Group Hoping To Get Wolf Reintroduction Measure On 2020 Ballot

By Dominic Garcia

JACKSON COUNTY, Colo. (CBS4) — A recent sighting of a possibly Gray Wolf in Jackson County has stirred up an old debate about reintroducing wolves to Colorado. Members of The Rocky Mountain Wolf Action Fund are currently gathering signatures to get a measure on the 2020 ballot to do that.

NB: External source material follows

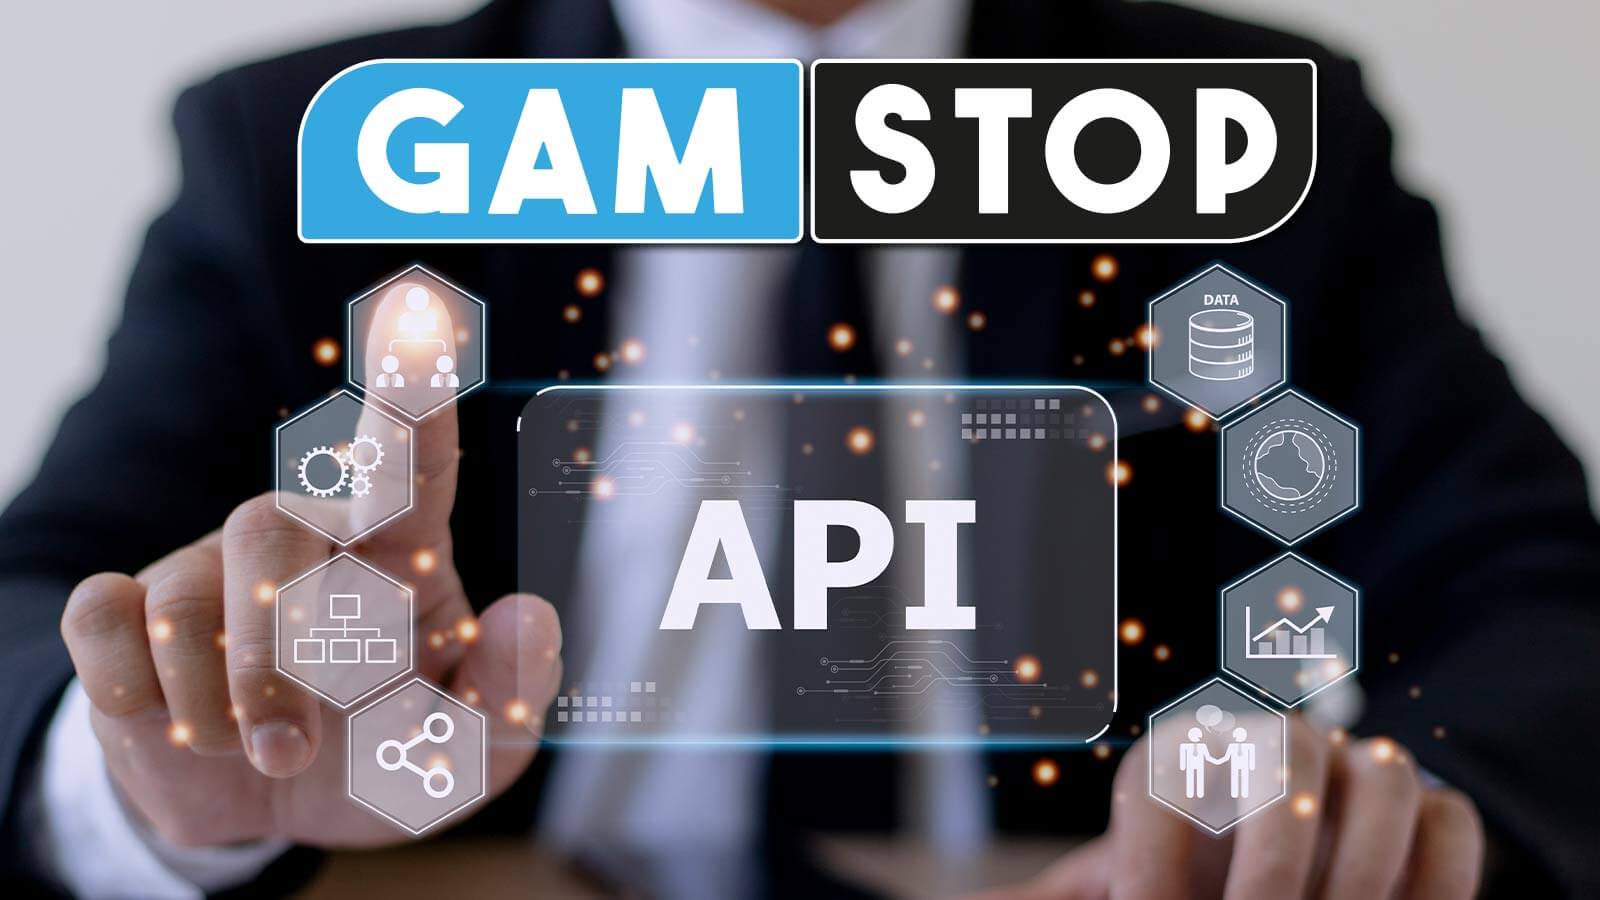 Gamstop API – the advanced filtering system for marketing lists

(credit: Colorado Parks and Wildlife)

“We believe that the right thing to do is give the people of Colorado a voice in restoring the balance,” said Rob Edward, President of the Rocky Mountain Wolf Action Fund.

Rob Edward (credit: CBS)

Edward says Colorado has the largest elk population in North America and one of the largest deer populations. He adds that without wolves, the two go unchecked and can cause destruction in places like Rocky Mountain National Park.

“The elk have stripped the river corridors bare. They’re putting fences around large swaths of the park in order to help the Aspen and willow regenerate. Wolves would change that dynamic over the course of a decade,” Edward told CBS4’s Dominic Garcia.

(credit: CBS)

But not everyone is excited about the recent wolf sighting. Phillip Anderson is a rancher in Jackson County, where the possible wolf was spotted. He worries about his livestock.

“We’re small ranchers and our livelihood depends on keeping the calf and lamb from the point in time it’s born to the time we market it, keeping it alive. We don’t want wolves here,” he told CBS4.

(credit: CBS)

Edward says he understands the concerns, and that’s why reimbursement to ranchers who lose livestock to wolves is in their ballot measure. But he adds that the overall threat is blown out of proportion.

“The fact is that wolves don’t pose a significant threat to livestock, and they don’t pose any threat to our burgeoning elk and deer population. In fact they pose the best answer to helping get things back in balance again.”

2 thoughts on “Group Hoping To Get Wolf Reintroduction Measure On 2020 Ballot

  1. I’d love to see wolves everywhere, however I feel their reintroduction elsewhere has too often become a lesson in futility. First, it gives state game agencies more revenue to tinker with their perspective of wildlife balance and “management”. We already know they are comprised largely of hunters and trappers . Ranchers, predator hunters and trappers all hate them. Poachers abound. They are the very ones most likely to cause reintro failure…at great monetary expense. The wolves become sitting ducks, the Mexican Grays are one example. If they’ve been extirpated from areas in the past, what will prevent this from happening repeatedly? No “law” will prevent their persecution. The argument of balance and biodiversity has never been acceptable to those hell bent on killing them out of loathing or for trophy. Simply put, I don’t want to see wolves suffer. It would only be a matter of a few short years under ideal circumstances until the wolves would, once again, recover in sufficient numbers to become a game species and the agencies will be only to happy to enrich their own coffers. That vicious cycle we’re all familiar with would continue.